606-45-45-15 Whether a supplier or an entity is responsible for providing the product or service desired by a customer is a strong indicator of the entity's role in the transaction. If a supplier (and not the entity) is responsible for fulfillment, including the acceptability of the products or services ordered or purchased by a customer, that fact may indicate that the entity does not have risks and rewards as principal in the transaction and that it should record revenue net based on the amount retained (that is, the amount billed to the customer less the amount paid to a supplier). Representations (written or otherwise) made by an entity during marketing and the terms of the sales contract generally will provide evidence as to a customer's understanding of whether the entity or the supplier is responsible for fulfilling the ordered product or service.

 

Response: The Company acquires an inventory of products either directly from our supplier (the manufacturer) or third party distributors of the supplier. The Company then sells the product to either distributors, who utilize terminals acquired from the Company, or directly to customers through Company managed kiosks.

 

The Company sells products to the distributors or customers utilizing the inventory purchased from either the supplier or third party distributors, the Company is responsible for providing its customers with access to the service being sold by suppliers, as an example, pre-paid mobile phone air time sold to the Company’s customers.

  

   

 

 

Securities and Exchange Commission

May 5, 2017

Page 9

 

The Company is not the primary obligor in providing the airtime to our customers.

 

ii.The Amount the Entity Earns Is Fixed

 

606-45-45-16 if an entity earns a fixed dollar amount per customer transaction regardless of the amount billed to a customer or if it earns a stated percentage of the amount billed to a customer, that fact may indicate that the entity is an agent of the supplier and should record revenue net based on the amount retained.

 

The Response: The Company buys inventory at a pre-determined price, as stated in 605-45-45-8, the Company has a certain amount of latitude in determining the price at which it sells its product to its customers, therefore the amount the entity earns is not fixed.

 

iii.The Supplier Has Credit Risk

 

606-45-45-17 if credit risk exists (that is, the sales price has not been fully collected prior to delivering the product or service) but that credit risk is assumed by a supplier, that fact may indicate that the entity is an agent of the supplier and, therefore, the entity should record revenue net based on the amount retained.

 

Response: This is not applicable to the Company, the business is a cash business, payment is received before the product is delivered.

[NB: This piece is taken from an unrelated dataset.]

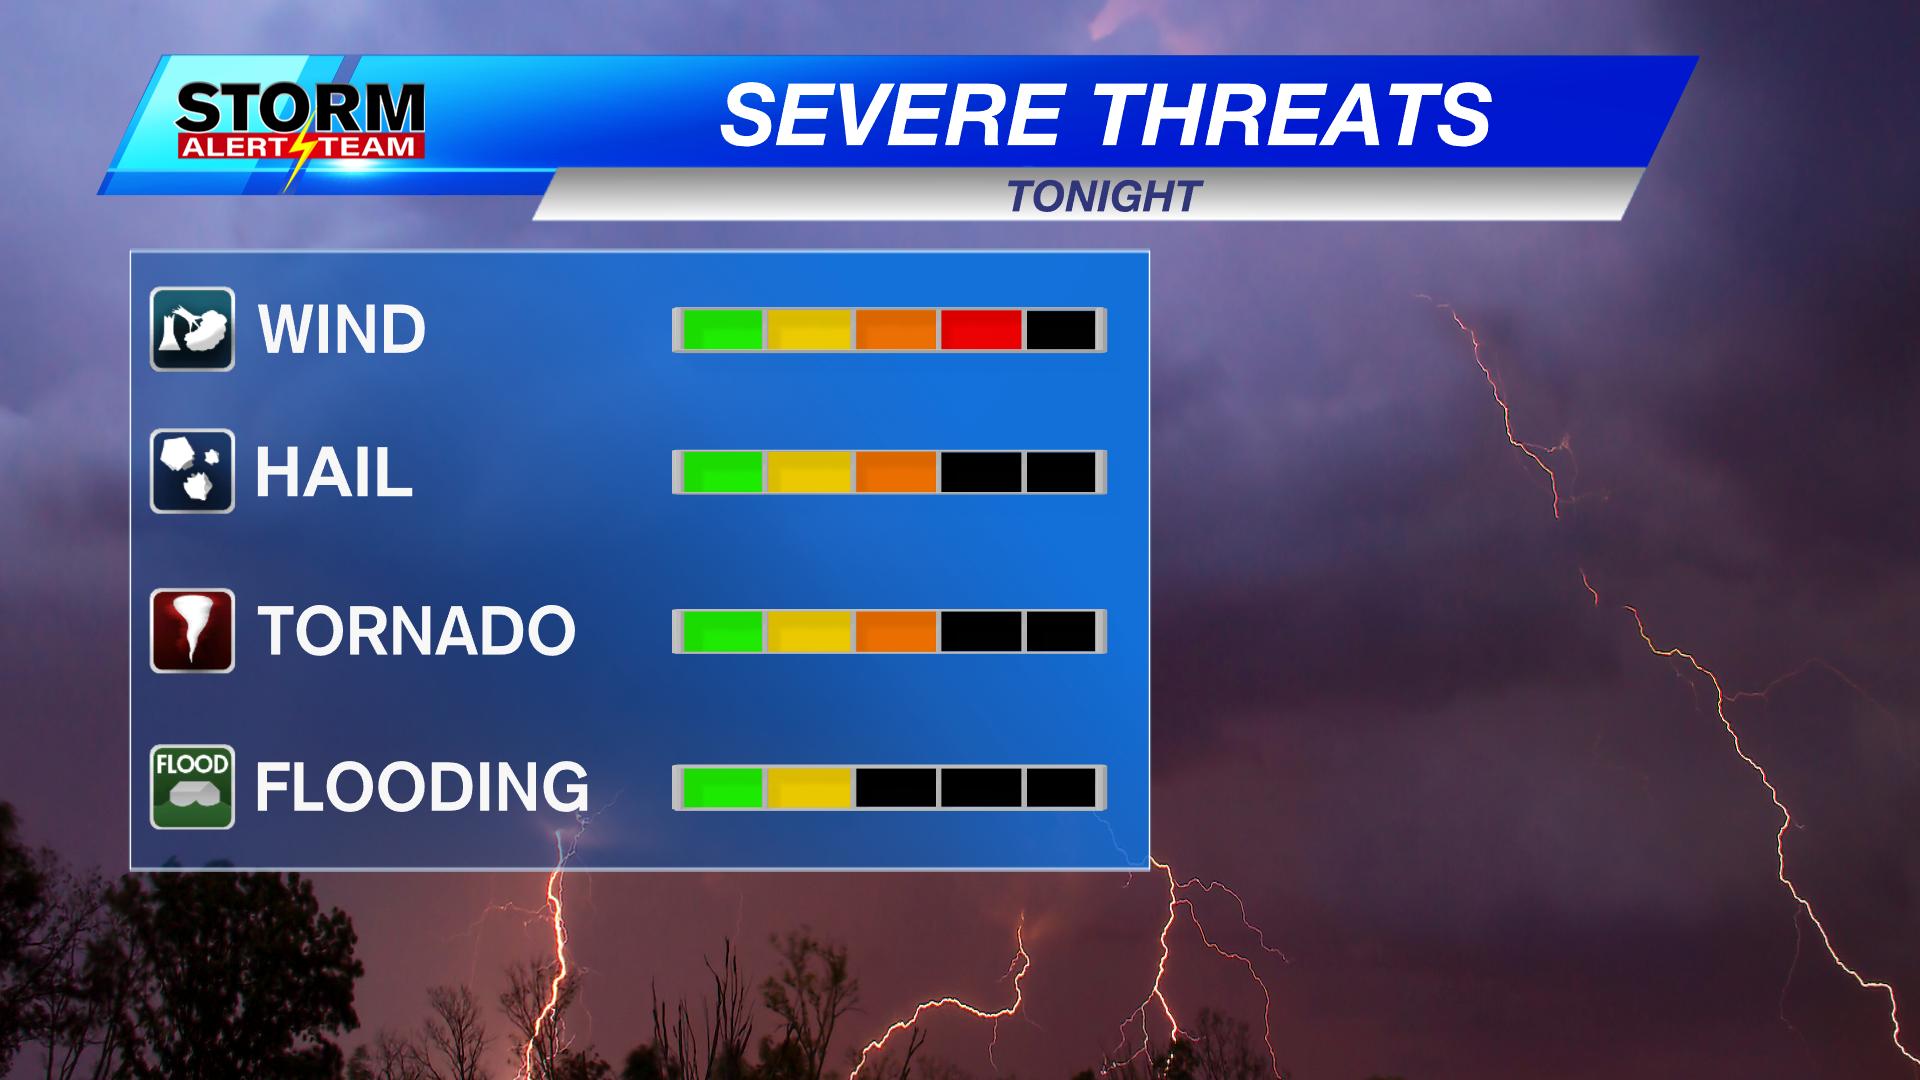 Severe Storm Threat Assessment

The Company pays its supplier before it receives the inventory and the Company’s customers deposit funds before the goods are delivered.

 

3 Restatement of Previously Issued Financial Statements

 

Consolidated Statement of Comprehensive Loss, page F-32

 

9.Basic and diluted net loss per share and the weighted average number of shares outstanding as restated do not agree to amounts presented in the consolidated statements of comprehensive loss for the year ended December 31, 2014. Please advise or revise.

 

Response: The financial statements in the S-1/A filing have been amended to include the financial statements of the Company for the year ended December 31, 2016 as included in the Company’s Annual Report on Form 10-K for the year ended December 31, 2016 filed with the SEC on April 17, 2017. In response to your query, the basic and diluted net loss per share and the weighted average number of shares outstanding has been amended.

 

6 Inventory, page F-36

 

10.We read your response to comment 32. Please tell us whether you classify owned kiosk terminals that are generating service revenue and payment processing fees as inventory or equipment. Also, please tell us the estimated useful lives of the kiosk terminals and whether the terminals are depreciated in accordance with your policy regarding computer equipment disclosed note 2m).

 

   

 

 

Securities and Exchange Commission

May 5, 2017

Page 10

 

Response: We have revised the disclosure in the financial statements presented in the S-1/A filing to reclassify owned kiosks that are generating service revenue and payment processing fees from inventory to fixed assets. The Kiosks have a useful life of 7 years and are depreciated on a straight line basis over a 7 year period from the date that they were brought into service.

 

10 Stockholders Equity

 

Common Stock, page F-42

 

3. Restricted stock awards, Page F-43

 

11.We read your response to comment 35 and we reissue part of our previous comment. Please tell us how the $288,000 of compensation cost related to the restricted stock grants is recorded in your financial statements. In this regard, it does not appear the compensation cost was reflected as a credit to additional paid-in capital in the consolidated statements of changes in stockholders’ equity (deficit) or as a non-cash charge in the consolidated statements of cash flow for the year ended December 31, 2015.

 

Response: The financial statements in the S-1/A filing have been amended to include the financial statements of the Company for the year ended December 31, 2016 as included in the Company’s Annual Report on Form 10-K for the year ended December 31, 2016 filed with the SEC on April 17, 2017. The reverse merger accounting has been amended and the compensation related to the restricted stock grants has been reflected in the Statement of Comprehensive loss as a charge in the 2015 year. The statement of changes in stockholders’ deficit and cash flow statements have also been amended to reflect the compensation cost of $288,000.

 

(c) Warrants, page F-44

 

12.We read your response to comment 37. Please disclose the weighted average grant-date fair value of the warrants based on the assumptions disclosed in the fourth paragraph. Refer to the guidance in ASC 718-10-50-2(d).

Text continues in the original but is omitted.